In dieser Weise hat sich der Komponist einmal über das Vertonen von Texten geäußert. Wen wundert es, dass er diese ganze Vielfalt vokaler Möglichkeiten nutzt - vom Sprechen über das Belcanto bis zum gelegentlichen Schreien, bis zur brachialen Expression? Vereinfacht formuliert lässt sich konstatieren, dass Scartazzini in seiner Oper - wie auch in seinen Kammer- und Orchesterwerken - von bildhaften Vorstellungen ausgeht, hinzu kommen hier jedoch Spannungsverläufe, die der vertonte Text, wie er sich im Zuge des Komponierens ergeben hat, vorgibt. Auch dieser Destillationsprozess ist ein Teil des Komponierens, da nach dem präzisierenden Herauslösen aus einem zunächst wesentlich umfangreicheren Textbuch auch Nicht-Gesagtes mit eingeschlossen bleibt.
In den sieben Tableaus von Wut wechseln Ariosi mit aktionsverhafteten oder auch mit eher kontemplativen Ensembles, worin man möglicherweise einen gewissen Einfluss, in jedem Fall aber die intime Kenntnis der Nummernoper italienischer Provenienz ablesen kann. Trotz der relativ kurzen Aufführungsdauer dieser Oper wird man nirgends mit Skizzenhaftigkeit, sondern vielmehr mit Stringenz konfrontiert. Pointierte Kürze ist ohnehin eines der stilistischen Merkmale Scartazzinis: Ein sehr feines Empfinden für die angemessene Proportion und Dauer von Zuständen, Entwicklungen zeichnet auch diese Partitur aus, eine suggestive, bezwingende Wirkung des feinfühligen, rechtzeitigen Erreichens und Verlassens der Amplituden in der Spannungskurve im Detail wie in der großen Form. Die Instrumentation, die sublime Abmischung der Klangfarbe setzt Scartazzini in souveräner Weise ein als eines der wesentlichen Mittel zur musikalischen, non-verbalen Beschreibung, Inszenierung, die auch Psychologisierung ist, wobei es durchaus auch drastisch zugehen kann, wenn es die Handlung verlangt (und diese Handlung verlangt das an ihren Kulminationspunkten). In diesem Sinne wird auch der Katalog der instrumentalen Spieltechniken mit unverbrauchten Klangfarben höchst wirkungsvoll und kenntnisreich aufgeblättert. Den Schlagzeugern kommt eine wichtige Rolle zu - z.
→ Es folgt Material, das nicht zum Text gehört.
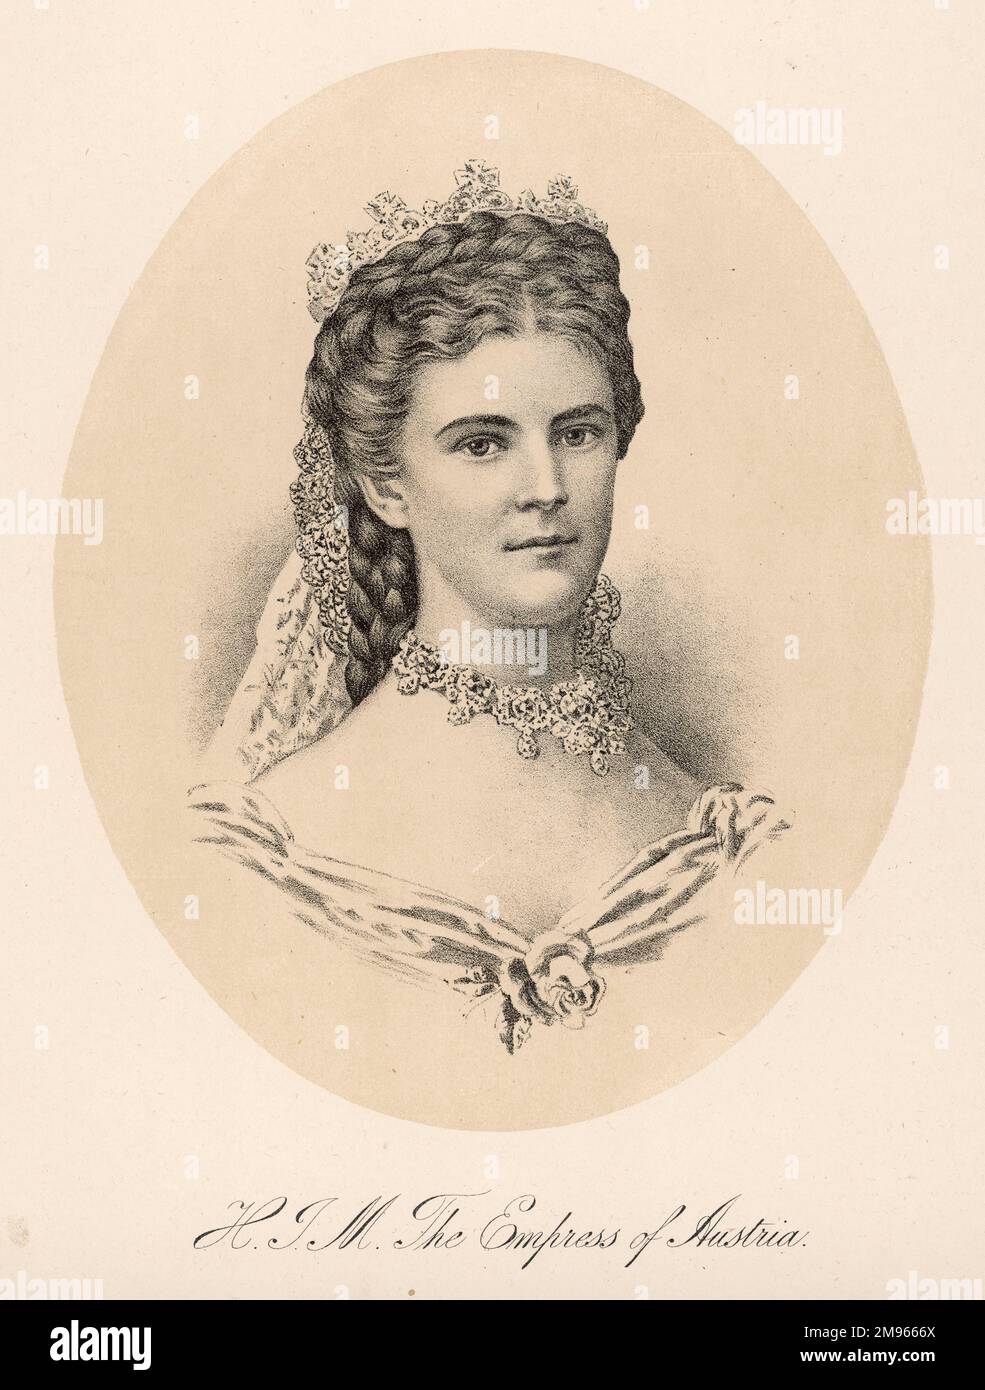 ELIZABETH, EMPRESS OF AUSTRIA Consort of Emperor Francis Joseph. Great beauty and proficient horsewoman.  Murdered by an Italian anarchist in Geneva. Stock Photo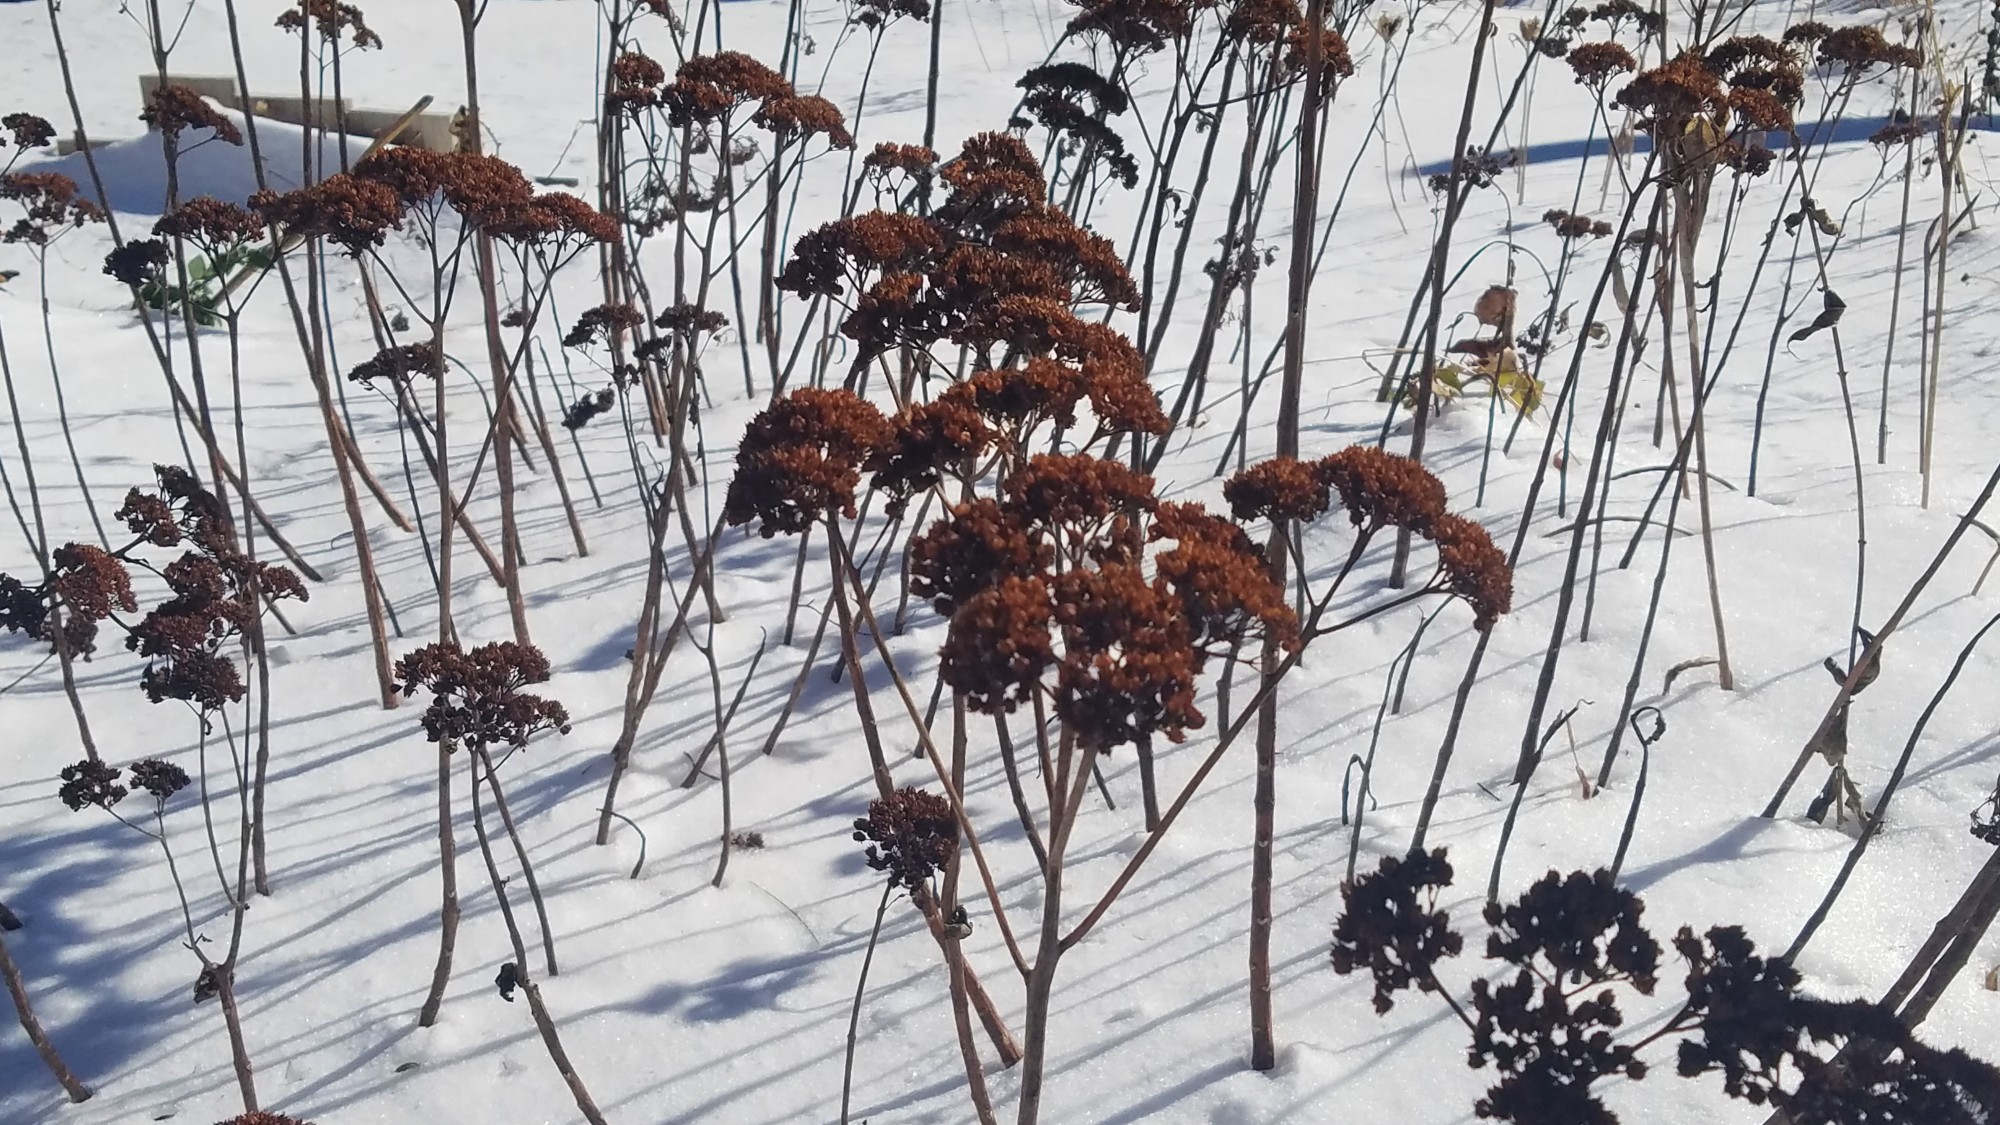 Flower seed stalks in the snow

B. in der Prozession mit dem Sarg der Ines (5. Bild). Hier dringt ein eigentümlich archaisch-kultartig wirkender "Sound" durch. Mittels sehr fein erfundener und kalkulierter Instrumentierung wird diese Klangkonnotation provoziert, hierfür werden u. a. die große, mit Birkenruten geschlagene Trommel, ein sog. Löwengebrüll, speziell gespielte Pauken - auch in Kombination mit einer auf dem Paukenfell liegenden Tempelschale - sowie ein tibetisches Muschelhorn eingesetzt.
Andrea Scartazzinis Oper beginnt mit der Nachricht von der gerade auf Geheiß des Königs ausgeführten Ermordung der Ines, und Pedros Auflehnung gegen dieses grausame Schicksal, das unfassbare Verbrechen, welches der Vater ihr aber ebenso auch ihm angetan hat. Trauer und Wut vereinen sich zu einem einzigen Ziel: Rache! Pedro sucht und verfolgt manisch die Spuren seiner Geliebten, selbst ihren Mord will er nachstellen - alle sollen es wissen! Kann dies die Gegenwart der Angebeteten ersetzen? Das Volk zwingt er, der Toten als ihrer Königin zu huldigen - bei aller Brüchigkeit seines Wahns: "Ines lebt, finde ich ihr Lachen. Ich fange ihr Lachen wie einen Vogel." Dem überkommenen unbedingten Glauben an ein Jenseits, ein Danach setzt zunehmend das neuzeitliche Denken zu: Pedro und seine Helden ahnen bereits das Nichts, das dem Tod möglicherweise folgt, in ihnen explodiert die Erkenntnis des Ausgesetzt-Seins in der Einsamkeit einer kargen Welt. - Und dann berichtet eine andere, in der Gegenwart spielende Geschichte vom Erleben einer ähnlichen wahnsinnigen Liebe aus der Sicht der Angebeteten: der Frau.